Another part of making money is giving careful thought to the equipment mix he carries and choosing suppliers wisely. In this, Don is very satisfied. “Our Bobcat dealer has bent over backwards,” he says. “We have gotten a lot of great service. The key for us is how fast something can be fixed and at what cost so that item can be back ready to product revenue for us again. The one thing we cannot have is something that is down for three months waiting for a part. We have lost our season if that happens.”

Don’s strategy has been to standardize, as far as possible, on Honda engines. “It keeps our parts inventory down,” he says. “In such a changing world with the way engines are changing and the technology is changing and the parts are changing it is easier to be a little bit committed to one. It is a lot easier when you get a phone call. If a guy calls and he can’t start something and it is a Honda engine, we know which way the throttle is and which way the choke is instead of ‘OK, can you describe the engine on that for me?’”

Don’s right hand is his son, Mike, who joined the company full time in 2000 after swearing for years he would never work for his father. “All the way through high school I said, ‘I am not working for Dad, I am not working for Dad,’” Mike says. “Then I went off and tried some other things and said, ‘Well, maybe I could work for Dad.’”

Mike has added some 21st century tech savvy to Ingersoll Rent-All. “You see what is on my desk,” Don says, “a calculator and some pens and paper. The computer is over there.” Mike says the website is now a critical part of their business. “Customers who come in here are much more educated. They already know just what they want and sometimes they have even checked out prices at the competition.” Mike maintains a simple but effective site with a comprehensive rate schedule, directions to the shop and instructional videos for their most popular equipment.

Don is looking forward with obvious pride to Mike taking over the shop someday. “When I started here 21 years ago, there were fellows also starting up then who I built relationships with,” Don says. “Mike went to high school with their kids, and now we see less and less of their generation and more and more of Mike’s generation. There has been a flip-over. It is nice to have two generations of loyalty in a store.”

The strategy now is to get Mike more exposure in the industry and the community while Don is still around to hold down the day-to-day business of the shop. To that end, Mike has served as vice-president of the Ontario chapter of the CRA, and will take over the presidency in August. Both Maltbys are very keen on the benefits of the association and happy to see the direction it has taken recently. Mike likes the protected insurance program, and hopes to spearhead new association initiatives to offer even more help to smaller, independent operators. “This marks our 50th year,” Mike says, “so we are going to be doing some celebrating.”
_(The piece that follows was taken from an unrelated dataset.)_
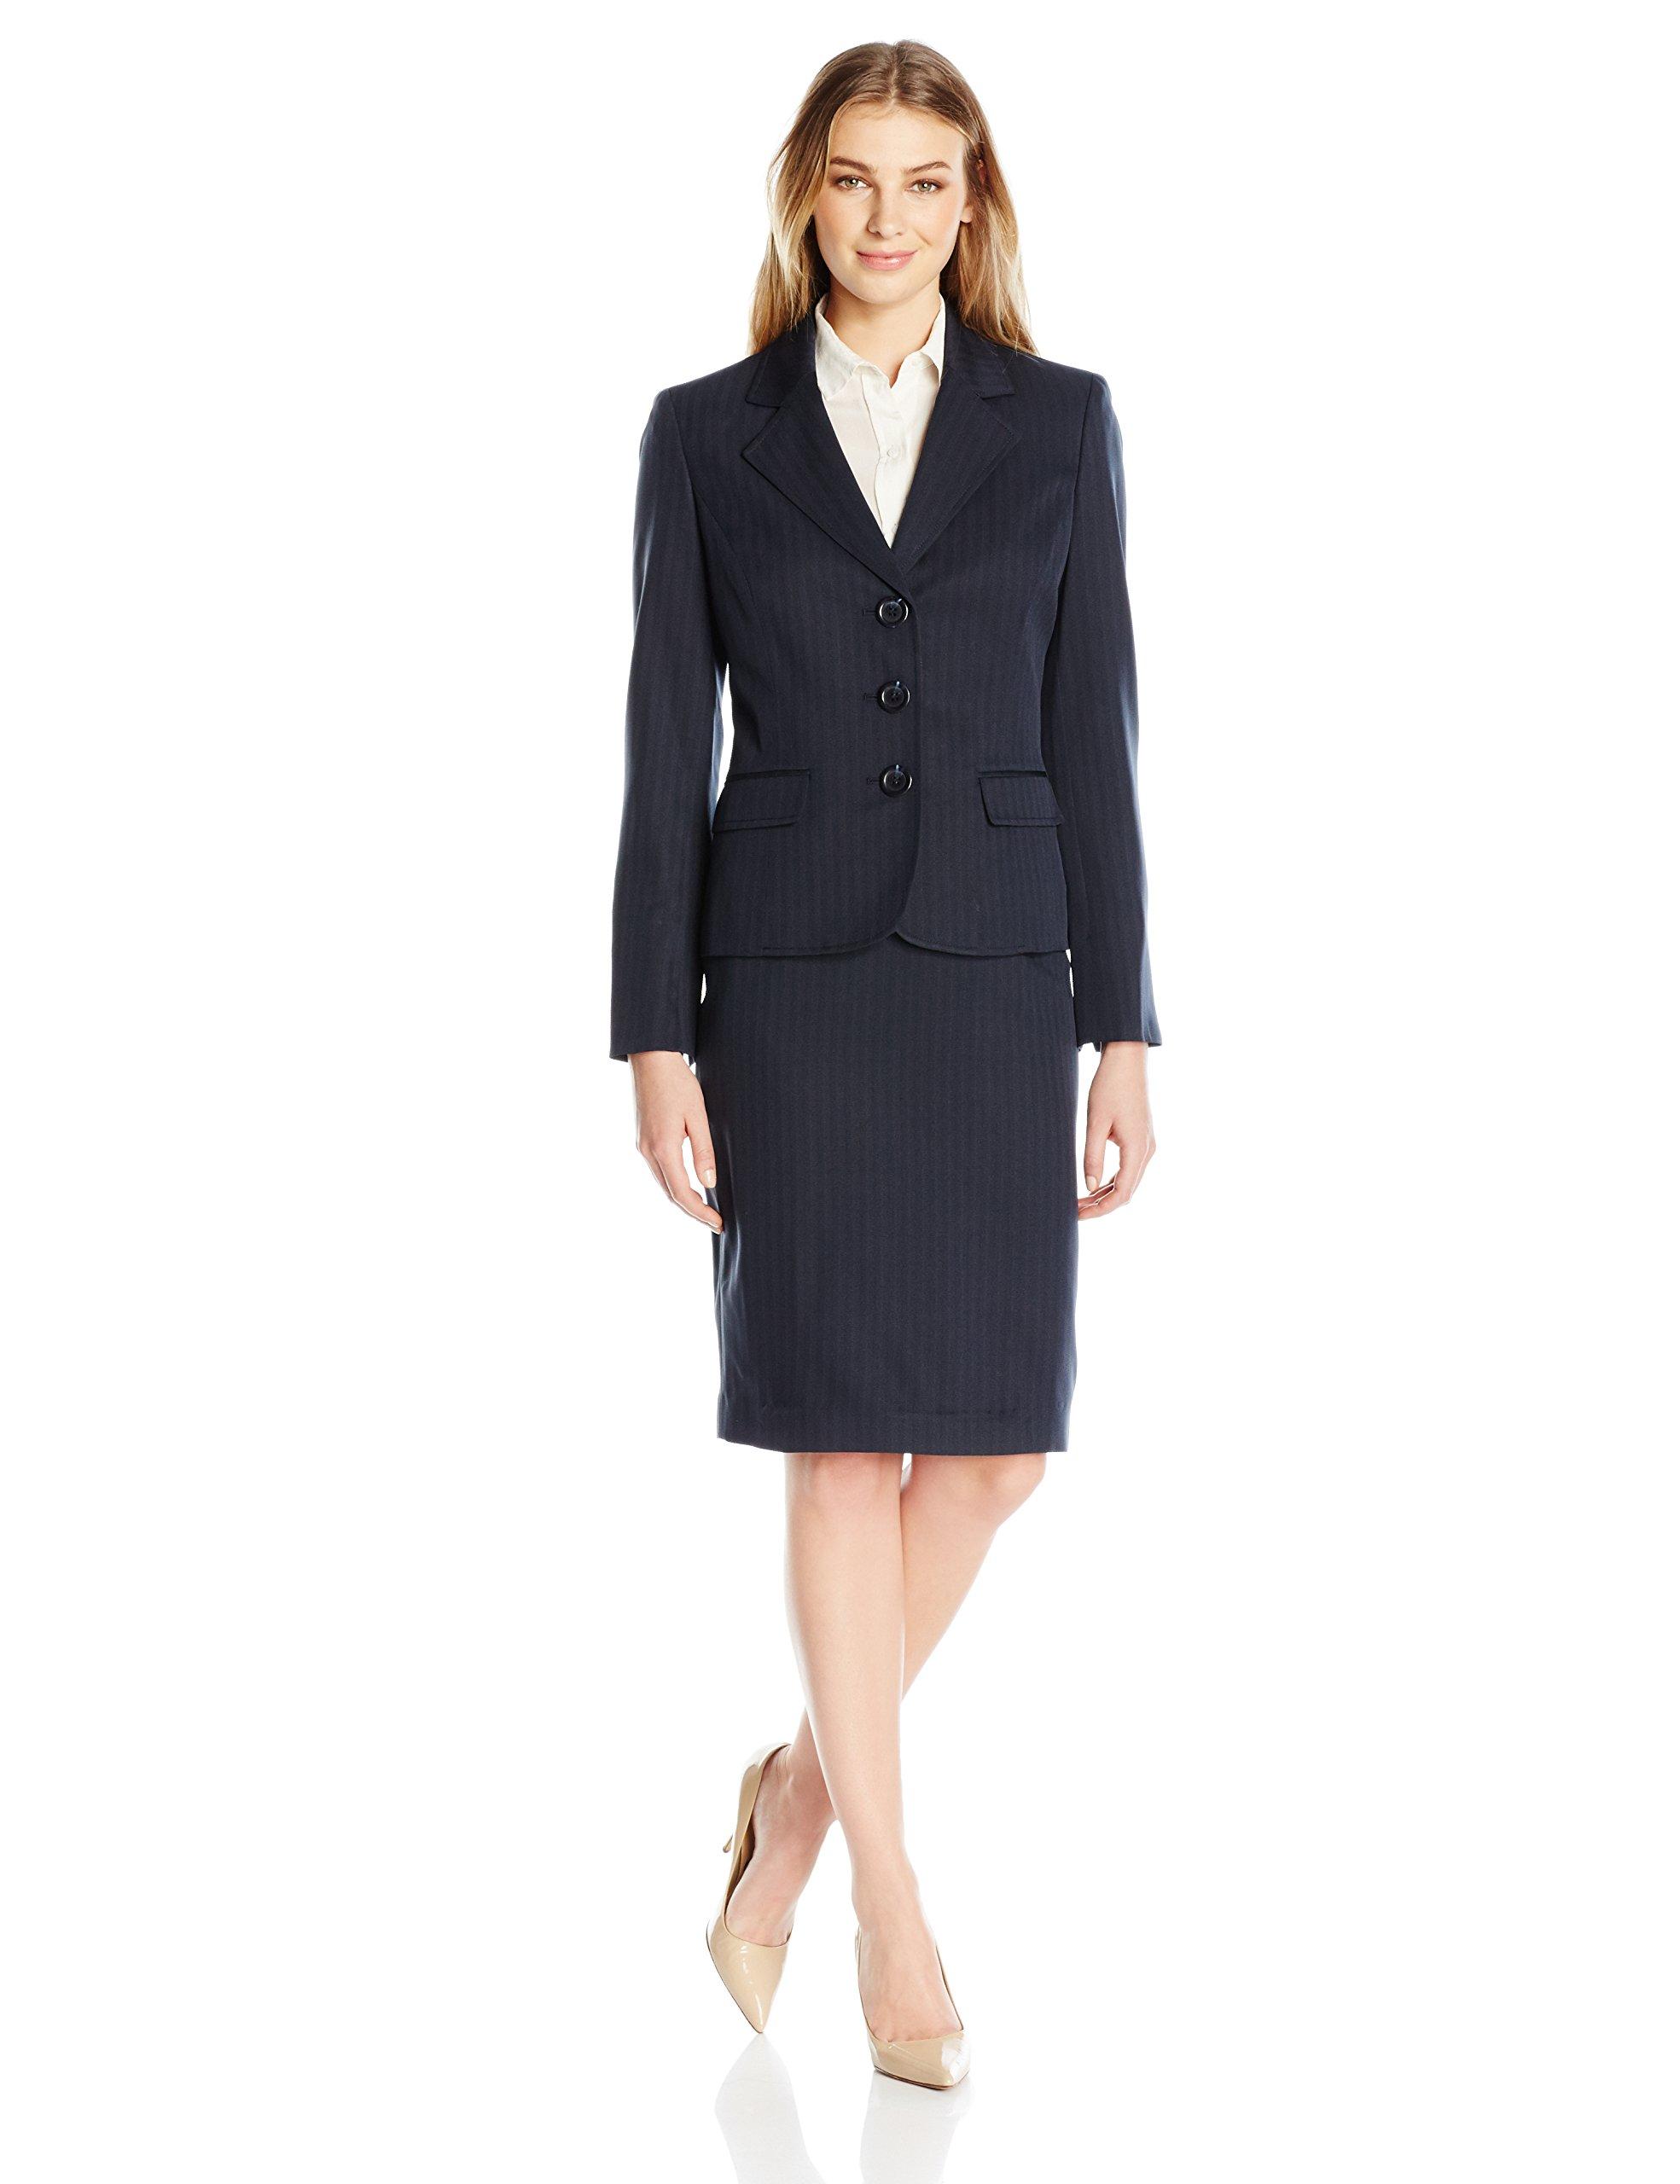 Le Suit Women's Three Button Skirt, Navy, 8

Don is enthusiastic about the participation of such younger members in the CRA. “It is nice to see,” he says. “It used to be just the older ones, toward the end of their career. Now we are seeing, with the likes of James Morden and Mike, members that have their future ahead and their careers. It is great to get involved early. Twenty years from now I’m not going to be doing this, but Mike is. We are seeing a real resurgence in the association.”

For his part, Mike is enthusiastic about the benefits of the CRA protected plan insurance program, saying it is critical for rental operators to have risk management solutions tailored to their needs. “We have never really shopped it around, because most insurers’ coverage stops the minute the equipment goes out the doors,” he explains. “It is one of the nice things about membership.”

Life in the rental industry is not what anyone would call easy. But after spending a few minutes with the relaxed and confident Maltbys at Ingersoll Rent-All, an outsider could certainly get the impression that it is.